Как я уже понял, выражение «Чего им не хватает?» было традиционным вопросом сотрудников гимназии.
– …Нам-то с вами все равно, а для педагогов потеря каждого ученика – удар по карману. И нехилый такой удар, они же все на сдельщине да на процентах сидят. Что заработал – то и получил. У Эмилии Леонардовны не забалуешь!
– Это я уже понял, – вырвалось у меня, что называется, «на автомате».
«Идиот! – тут же отругал я себя. – Держи язык на привязи!»

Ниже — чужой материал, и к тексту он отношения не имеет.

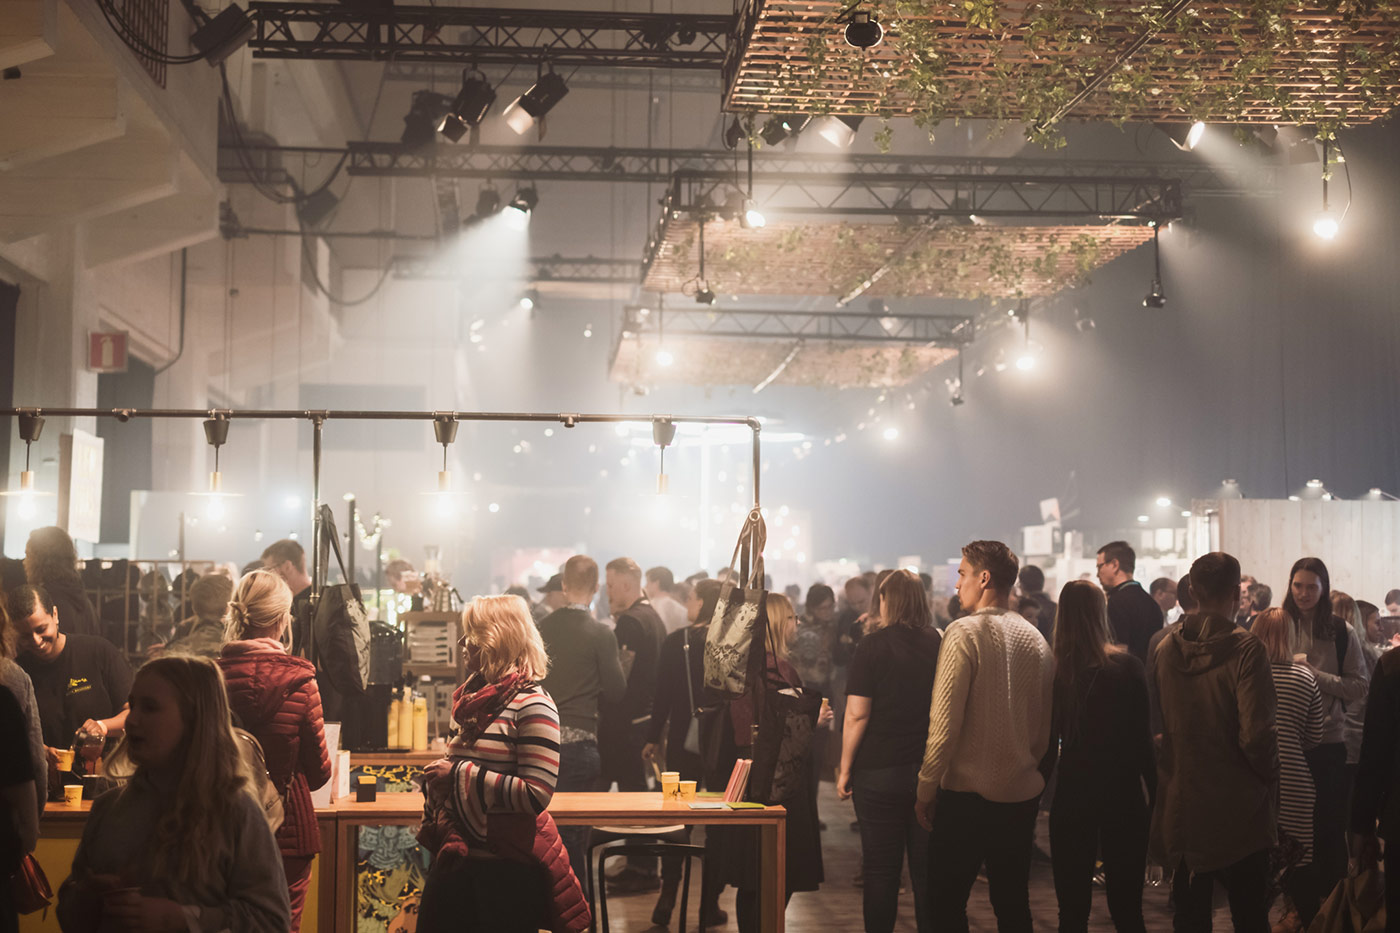 Kaffee-Events, Festival und Kalender: Helsinki Coffee Festival. CafCaf – Kaffee & Blog, Kaffeeblog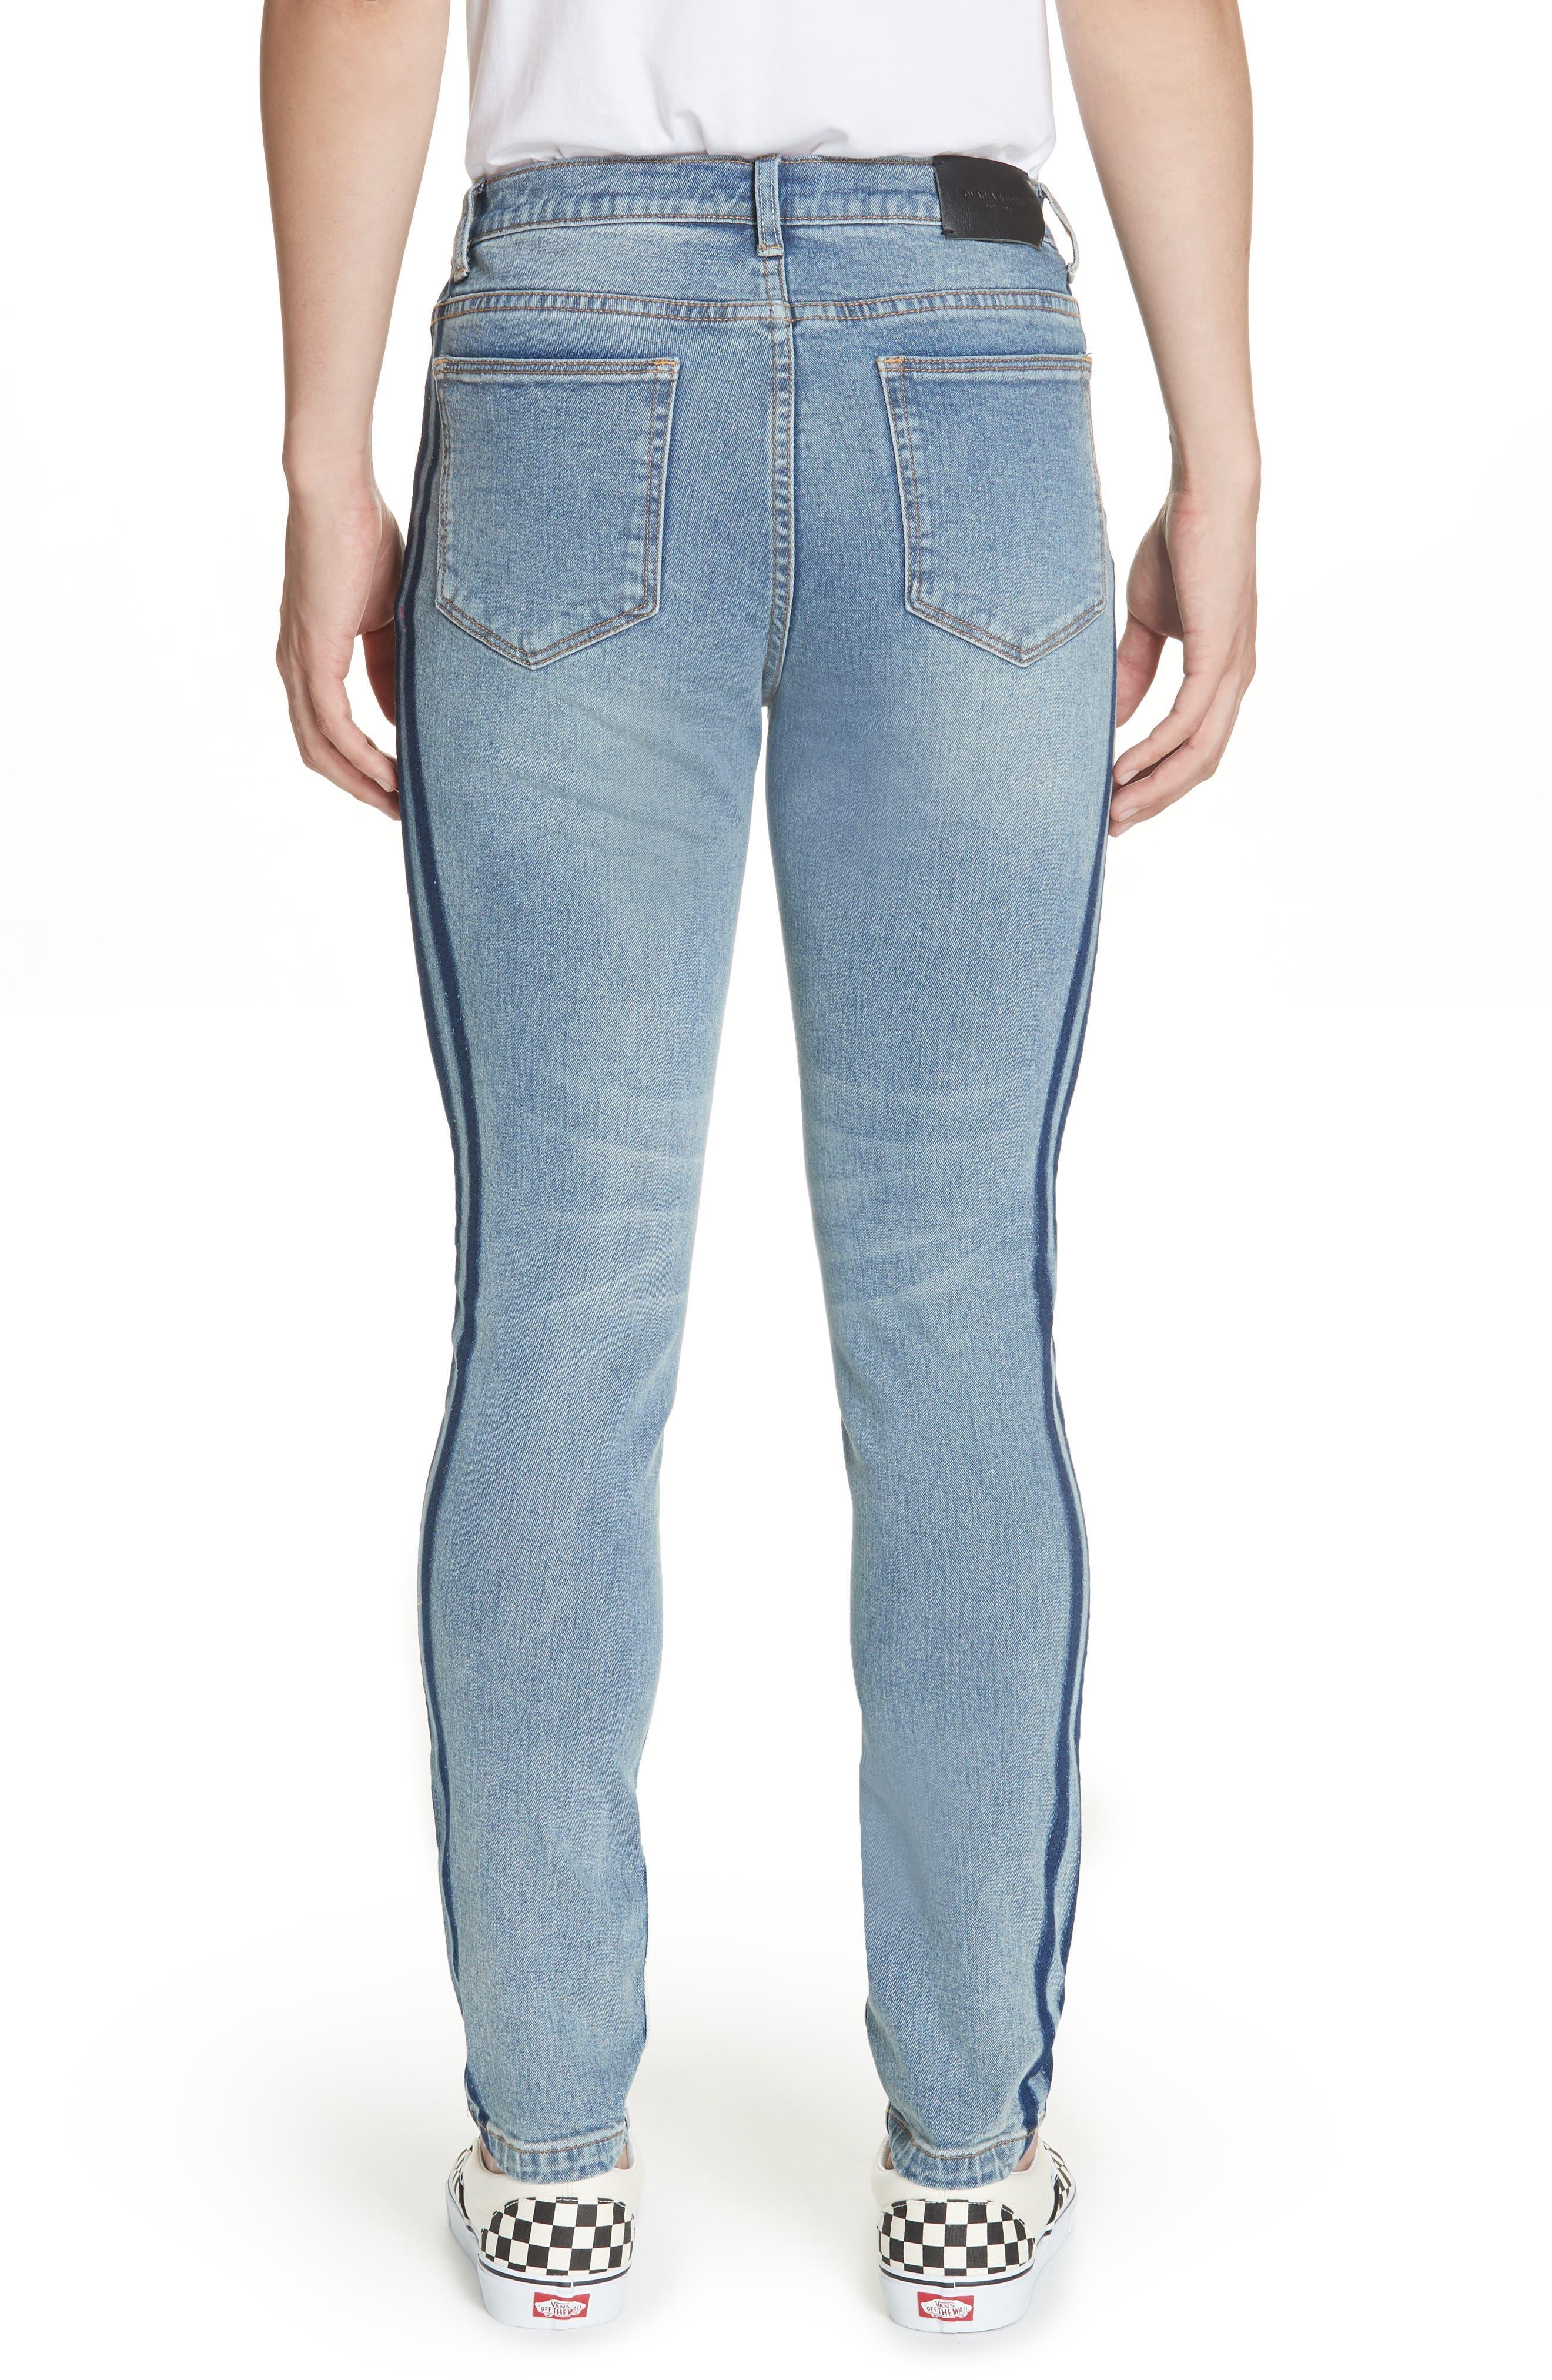 OVADIA & SONS,                             OS-1 Slim Fit Jeans,                             Alternate thumbnail 2, color,                             INDIGO

Ольга, в отличие от Тани, как-то не располагала к откровенности и задушевным беседам. Проступала в ней какая-то потаенная гнильца. Излишне вкрадчивый голос, нарочито невинный взгляд, привычка не смотреть в глаза собеседнику.
– Что, уже представился случай? Быстро вы успели, Сергей Юрьевич…
И не поймешь – то ли посочувствовала, то ли съехидничала. Мутная баба, мутная и противная. В поликлинике я бы от такой медсестры сразу бы постарался избавиться. Там это было просто – стоило только начать назначать по многу уколов на участке, как медсестры сваливали к другому врачу.
– Как успел, так и успел! – сухо ответил я, давая понять, что продолжать разговор не намерен. – Давайте лучше займемся составлением графика прививок.
– График можно взять и прошлогодний… – ухмыльнулась Ольга. – Все равно у нас идут поголовные отказы. Кто вообще прививки делать не собирается, кто делает их в своих крутых медицинских центрах. Я просто перепишу график, чтобы он соответствовал календарю – пусть лежит для проверки.
– А проверки часто бывают? – Про проверки мне никто ничего не говорил. – И какие?
– В основном – пожарные и СЭС, но они дальше директорского кабинета редко заходят. А если и заглянут куда, то так, мельком, для вида. Один раз какая-то комиссия из Департамента образования была, а один раз ОМОН приезжал – настоящее маски-шоу устроил. Мы все конкретно так пересрались, а оказалось, что они на территории какие-то учения проводили, и нас это тоже коснулось – не то захватывали нас, не то освобождали. Ну, это проверкой назвать нельзя, так просто…
На доске объявлений (метра полтора на три – ничего себе досочка), висевшей в вестибюле, повесили большой плакат. На фоне из желто-оранжевых осенних листьев ярко-синими буквами было написано: «Восьмой театральный фестиваль нашей гимназии будет проходить с 5 по 15 октября! Актеры приглашают зрителей. Стоимость билета – море улыбок и шквал аплодисментов!»
Я подумал о том, какое определение больше подошло бы к самой гимназии – «театр абсурда» или «фестиваль маразма»? Думал всю дорогу до метро, но так и не решил. Прикольное рабочее место мне подвернулось, будет что в старости вспомнить, если, конечно, доживу.